Ngopi, Ngeteh, Sego Bandeng, Gorengan dan Kevin di Angkringan

‘Ngopi’, ‘ngeteh’, makan ‘sego bandeng’ atau sekedar makan ‘gorengan’ di angkringan memang mengasyikkan. Nggak salah bila banyak orang yang dengan setia melakukannya setiap hari di Jogja. Mereka seolah-olah mewajibkan diri untuk selalu nongkrong di angkringan. Saat ke Jogja akhir minggu lalu, saya menyempatkan diri nongkrong di angkringan depan hotel tempat saya menginap. Saya cuma ingin ngopi dan makan gorengan tempe saja di kantin khas Jogja ini. Saat menikmati menu pilihan saya, masuklah seorang lelaki dan anak lelakinya ke dalam angkringan yang saat itu dipenuhi oleh tukang becak yang tengah beristirahat. Melihat saya beringsut memberi tempat duduk, mereka pun duduk di sebelah saya, memesan minuman dan makan gorengan yang dijajakan.. Saya pun kembali dengan keasyikan saya semula, menikmati aroma kopi dan rokok di angkringan pinggir jalan ini. Keganjilan muncul di benak saya, saat mendengar sang bapak berseru pada anaknya, “Kevin. Mbok maem o sego bandeng wae. Sate kerang ora marai wareg”. Rupanya anak ini dinamai dengan nama yang berkesan kebarat-baratan. Mengapa tidak diberi nama Makmur, Suparman, Sigit, Jati atau nama-nama lain yang khas Jawa? Saya bertanya-tanya dalam hati. Apakah ini suatu trend dalam memberi nama pada anak yang berlaku umum di tengah masyarakat Jawa? Mengapa si bapak ikut trend kebarat-baratan ini? Sambil terus menikmati aroma kopi dan rokok di angkringan itu, saya mencoba mengingat pola perilaku etnis-etnis yang ada di Indonesia dalam memberikan nama pada anak. Orang Ambon, Menado dan Batak biasa memberi nama anak dengan nama-nama para tokoh besar dalam sejarah dunia dan diikuti dengan nama marga keluarga besar pihak laki-laki, misalnya, Abraham Manuhutu, Johnson Lontoh ataupun Washington Simandjuntak. Orang Cina menamai anak dengan menyebutkan nama marga terlebih dahulu. Jadi, Liem Tiong Djie itu berarti Tiong Djie yang berasal dari marga Liem. Bila si anak dipanggil Tommy, maka namanya akan ditulis dengan Tommy Liem. Setahu saya, nama yang diberikan orangtua Jawa kepada anaknya penuh dengan muatan makna dan harapan akan masa depan si anak. Misalnya, nama Djoko Santoso berarti seorang laki-laki yang diharapkan membawa sentosa pada keluarga. Saya tetap menikmati kopi dan gorengan yang dijual di angkringan itu. Saya pun mentertawakan diri sendiri yang sudah membuang waktu dan energi karena penasaran memikirkan seorang laki-laki Jawa yang menamai anaknya dengan Kevin. Ngapain saya mikirin dia ya? Itu kan sepenuhnya hak dia.

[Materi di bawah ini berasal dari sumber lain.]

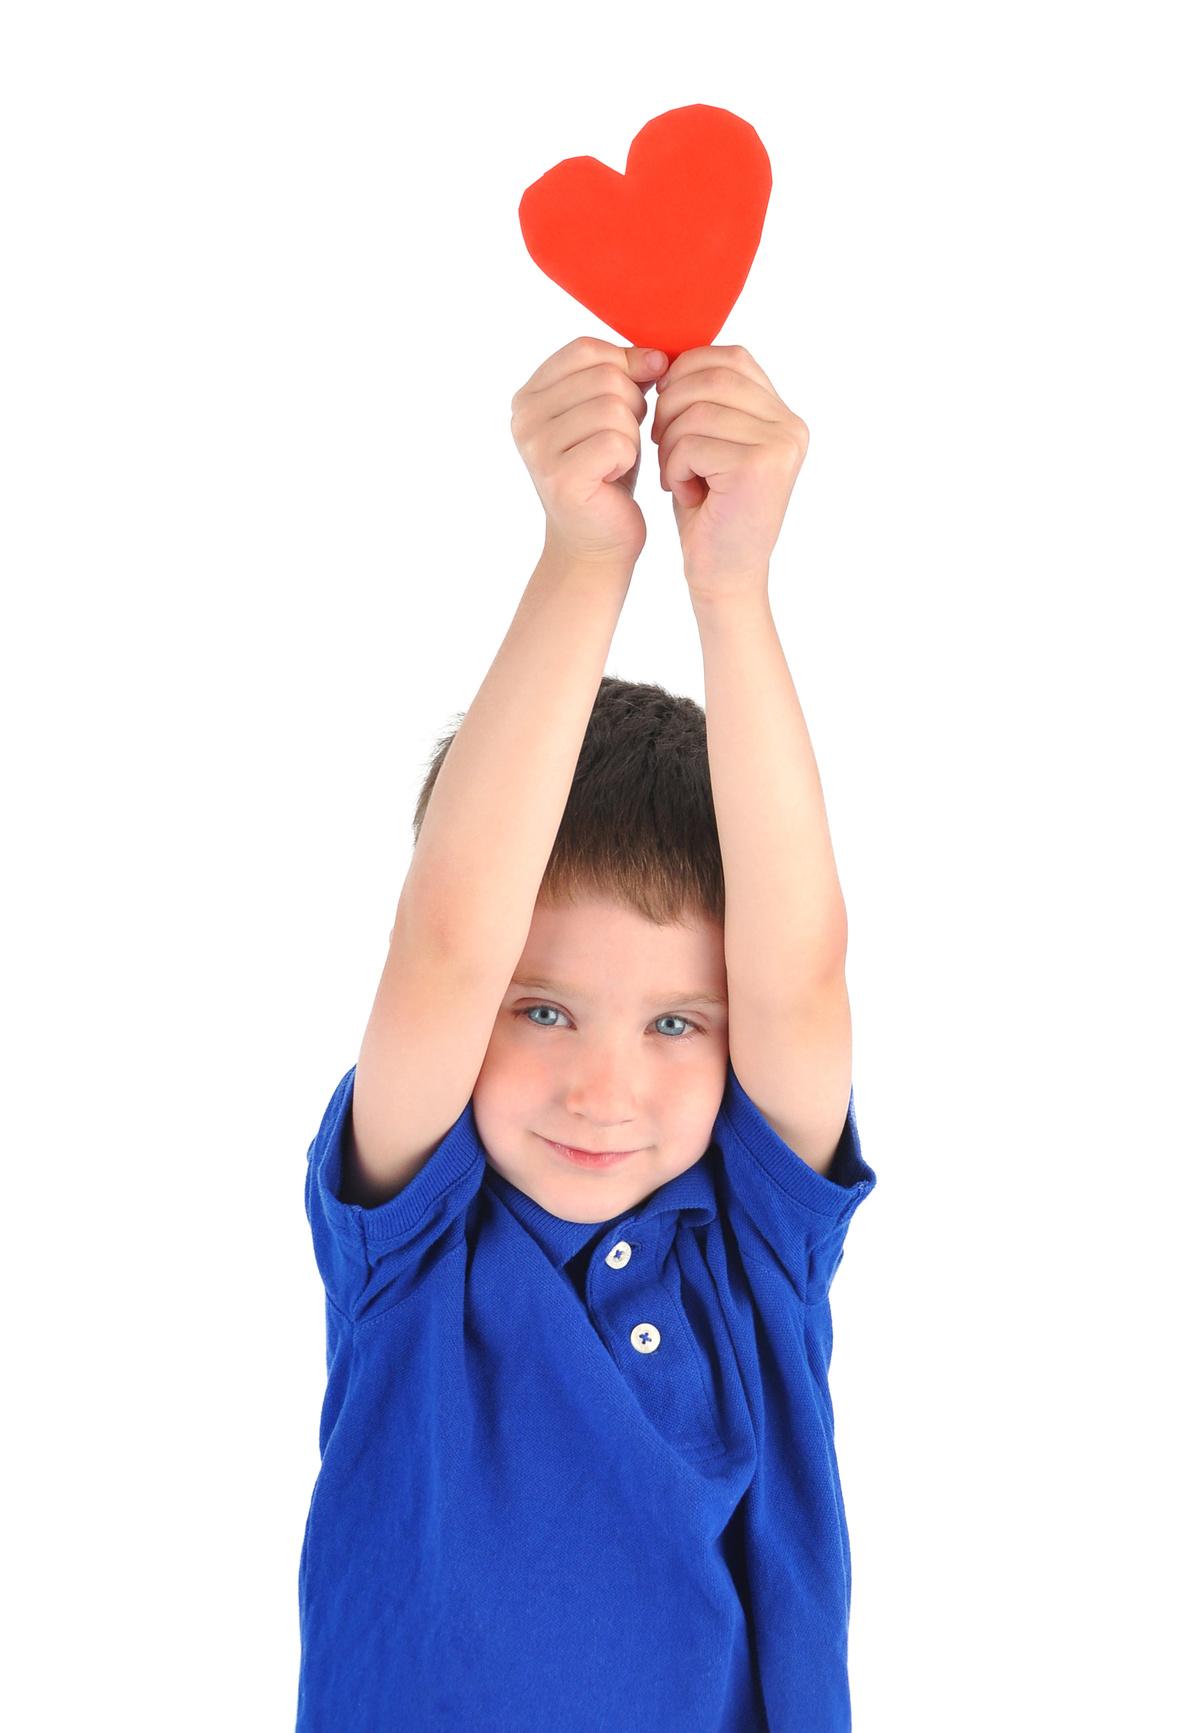 012604854-little-boy-holding-love-heart.jpeg

Monday, September 05, 2005

Marilah melanjutkan hidup

Musibah, apapun bentuknya, pasti menghadirkan kesedihan di antara mereka yang anggota keluarganya turut menjadi korban. Saya turut merasa sedih dan prihatin atas rangkaian musibah yang terjadi dalam beberapa waktu terakhir ini. Mudah-mudahan keluarga yang ditinggalkan oleh para korban mendapat kekuatan dari Sang Khalik. Dalam pandangan saya, musibah itu terjadi atas seijin Sang Pemberi Hidup. Mengapa Dia mengijinkan musibah terjadi? Jawaban dari pertanyaan itu sama dengan jawaban dari pertanyaan “Mengapa Dia mengijinkan saya hidup?”. Kita hanya bisa menduga jawaban-jawaban dari pertanyaan itu. Kalau Anda ingin dapat jawaban yang tepat dari pertanyaan itu, bertanyalah padaNya melalui doa-doa Anda, supaya Dia membisikkan jawaban yang tepat di telinga hati Anda. Marilah melanjutkan hidup. Kalau Anda beragama, teruslah berdoa memohon kekuatan dari Sang Maha Perkasa. Kalau Anda tidak beragama, tetaplah bersemangat karena masih ada kehidupan yang menanti Anda.